= Global Security Contingency Fund =

The Global Security Contingency Fund (GSCF) is a fund that was established under the United States National Defense Authorization Act for fiscal year 2012 in section 1207.

"The FY2012 National Defense Authorization Act (P.L. 112-81), Section 1207, created a new
Global Security Contingency Fund (GSCF) as a four-year pilot project to be jointly administered
and funded by the United States Department of Defense (DOD) and the United States Department of State. The purpose of the fund is to carry out security and counterterrorism training, and rule of law programs. (There also
are three one-year transitional authorities for assistance to Africa and Yemen.) The GSCF is placed
under the State Department budget.

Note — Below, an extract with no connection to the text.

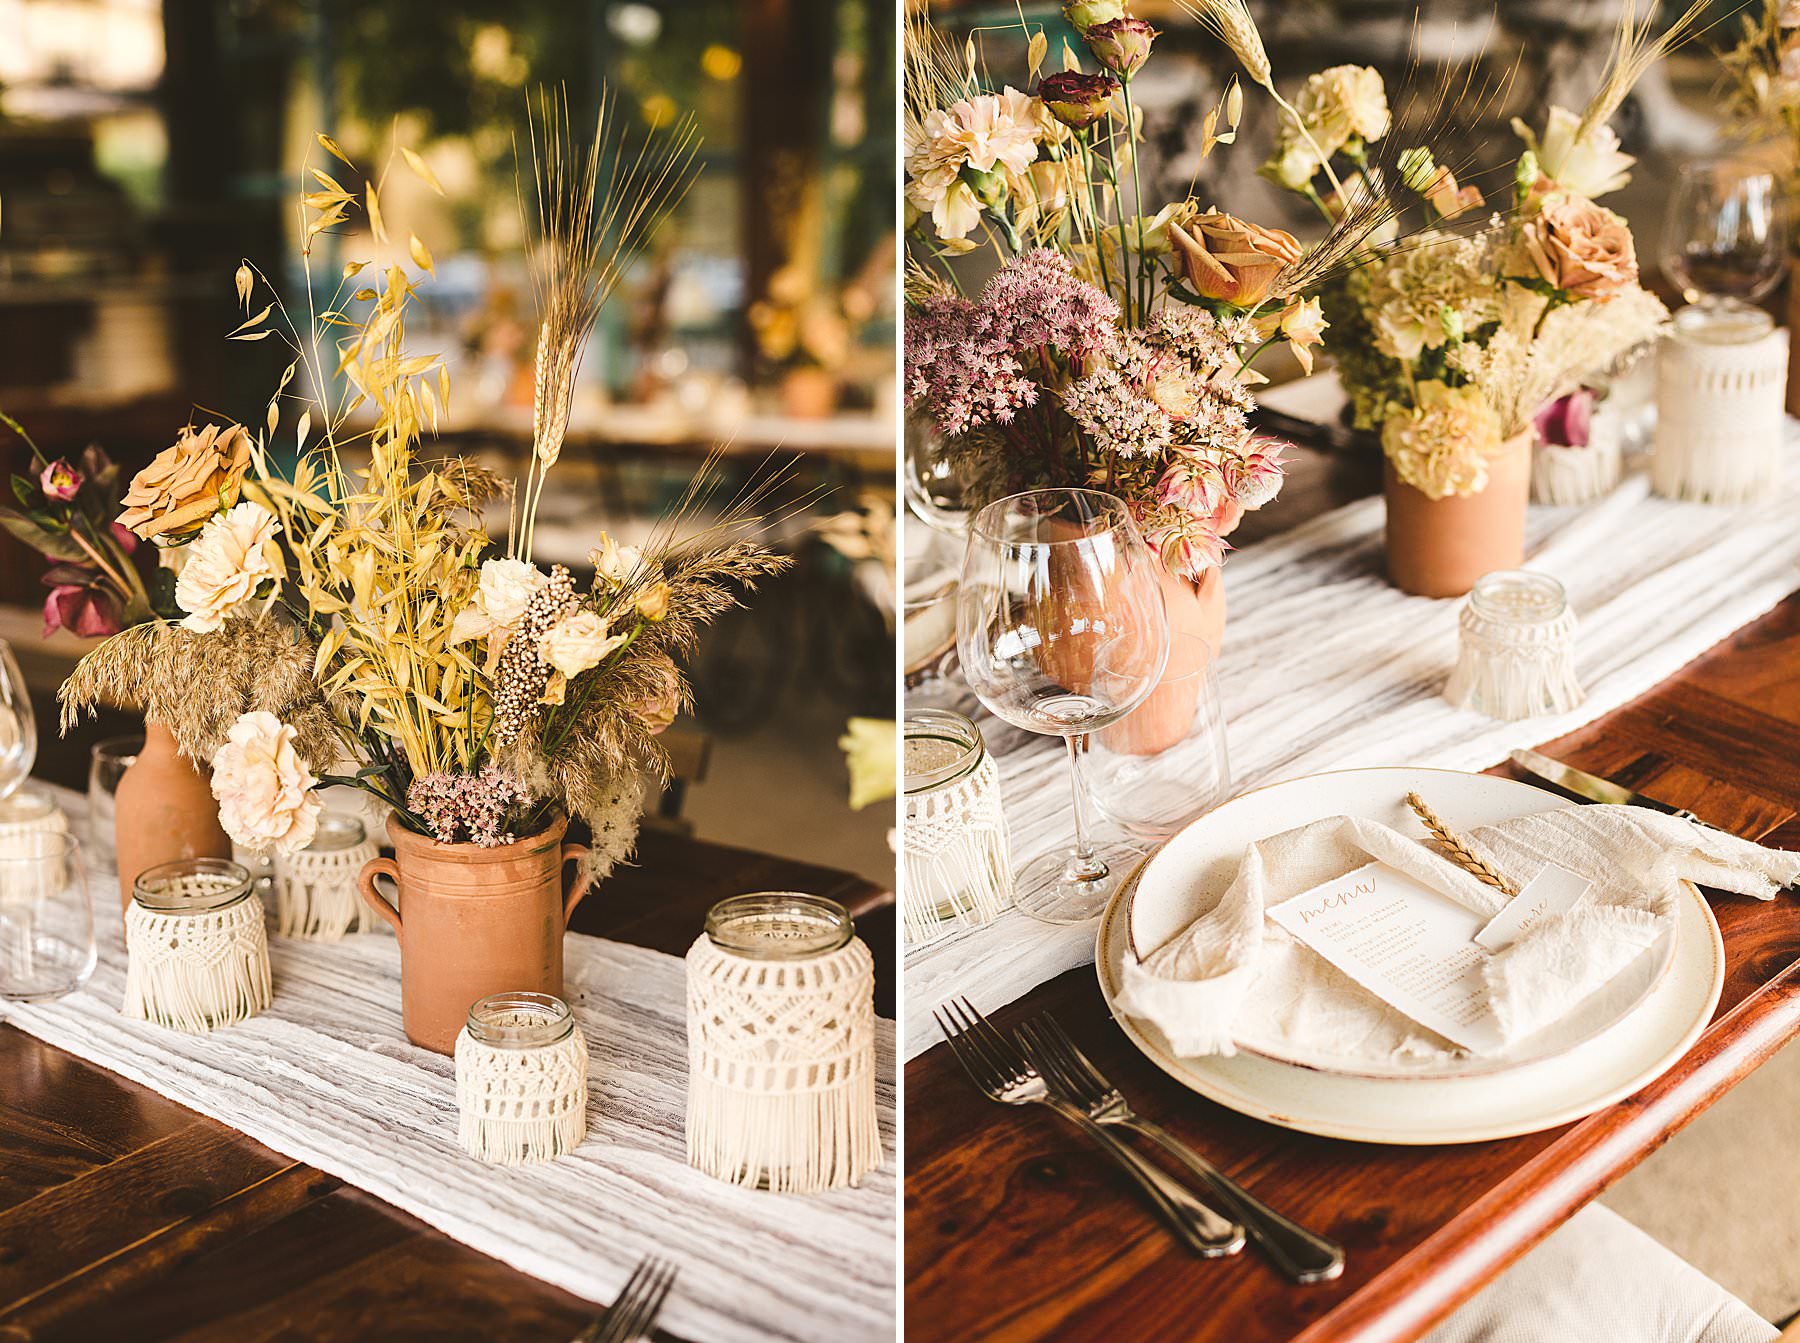 Elegant Italian bohemian chic wedding reception setup at Casa Masi in the heart of Tuscany. The setup design was delightful with the amazing macramé decorations and flowers
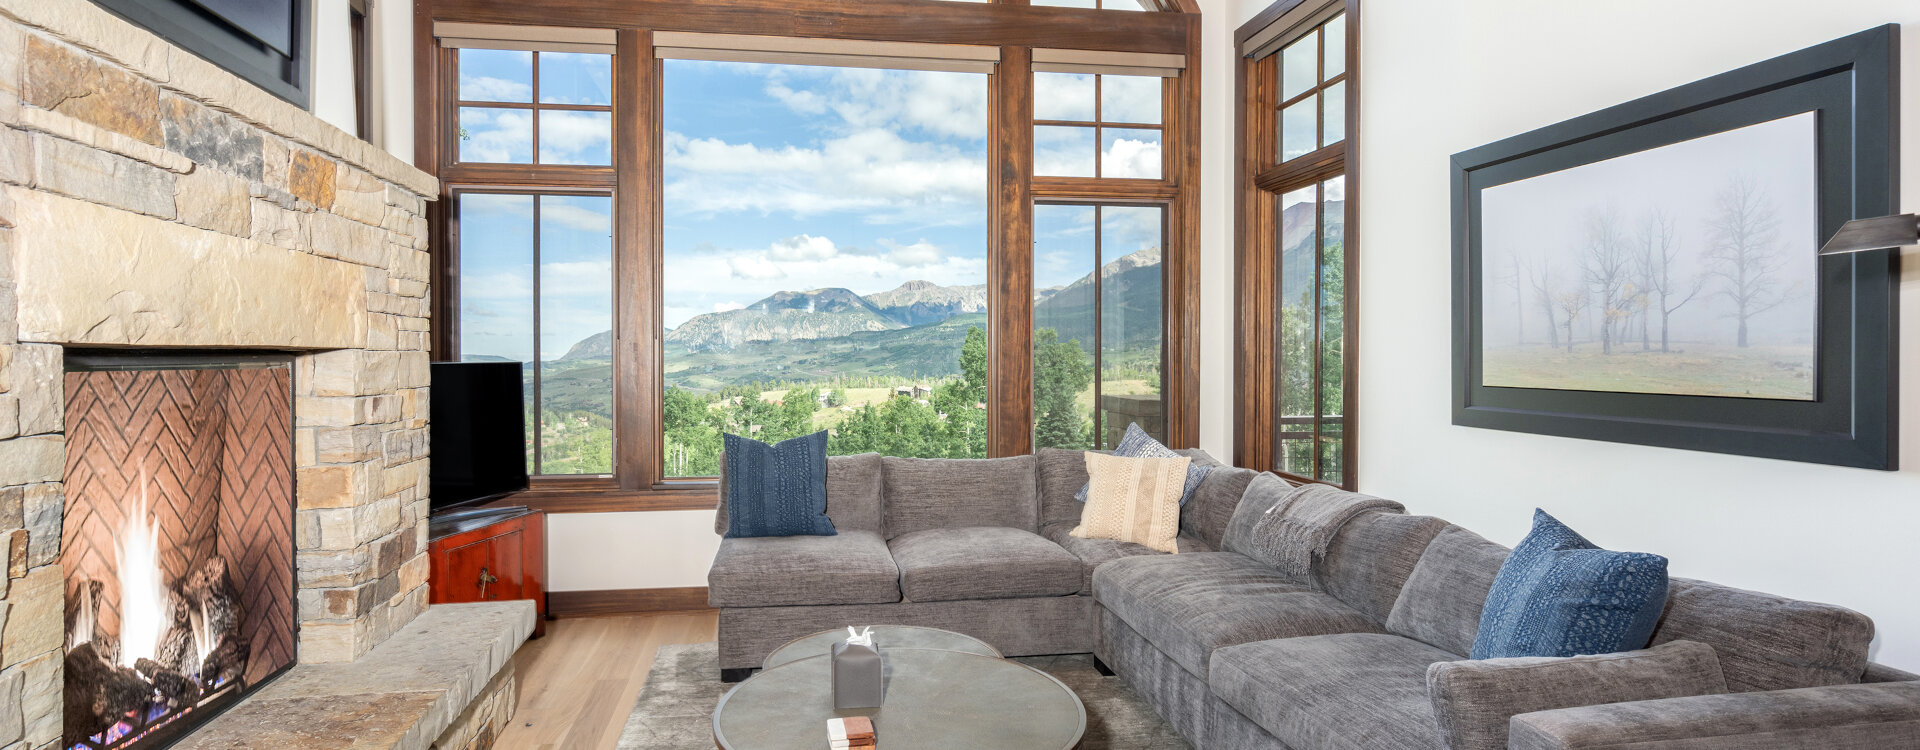 1-telluride-aspens-at-courcheval-living-room

Although decisions are to be jointly made by the Secretaries of
State and Defense, the mandated mechanism puts the Secretary of State in the lead"

== Purpose ==
"This new Fund follows from [[Robert Gates|Secretary [of Defense Robert] Gates]]’ proposal in December 2009 that State and DoD adopt a "pooled resources" approach like that used in the United Kingdom to strengthen their abilities to respond to situations where their missions overlap." Admiral Michael Mullen (Chairman of the Joint Chiefs of Staff at the time) stated in a congressional hearing that, " [the GSCF] will buy us an agile and cost-effective way to better respond to unforeseen needs and take advantage of emerging opportunities for partners to secure their own territories and regions." The Global Security Contingency Fund (GSCF) is intended for either DOD or DOS to provide assistance to countries designated by Secretary of State, with the concurrence of Secretary of Defense, for the following purposes.

- To enhance the capabilities of a country's national military and other national security forces that conduct border and maritime, internal defense, and counterterrorism operations, as well as the government agencies responsible for such forces, to:

1. Conduct border and maritime security, internal defense, and counterterrorism operations, and
2. Participate in or support military, stability, or peace support operations consistent with US foreign policy and national security interests.

- For the justice sector (including law enforcement and prisons), rule of law programs, and stabilization efforts in a country. In cases in which SecState, in consultation with SecDef, determines that conflict or instability in a country or region challenges the existing capability of civilian providers to deliver such assistance.

Any such assistance programs are to be jointly formulated by DOD and DOS with the approval of SecState and the concurrence of SecDef. Any provided assistance may include equipment, supplies, and training.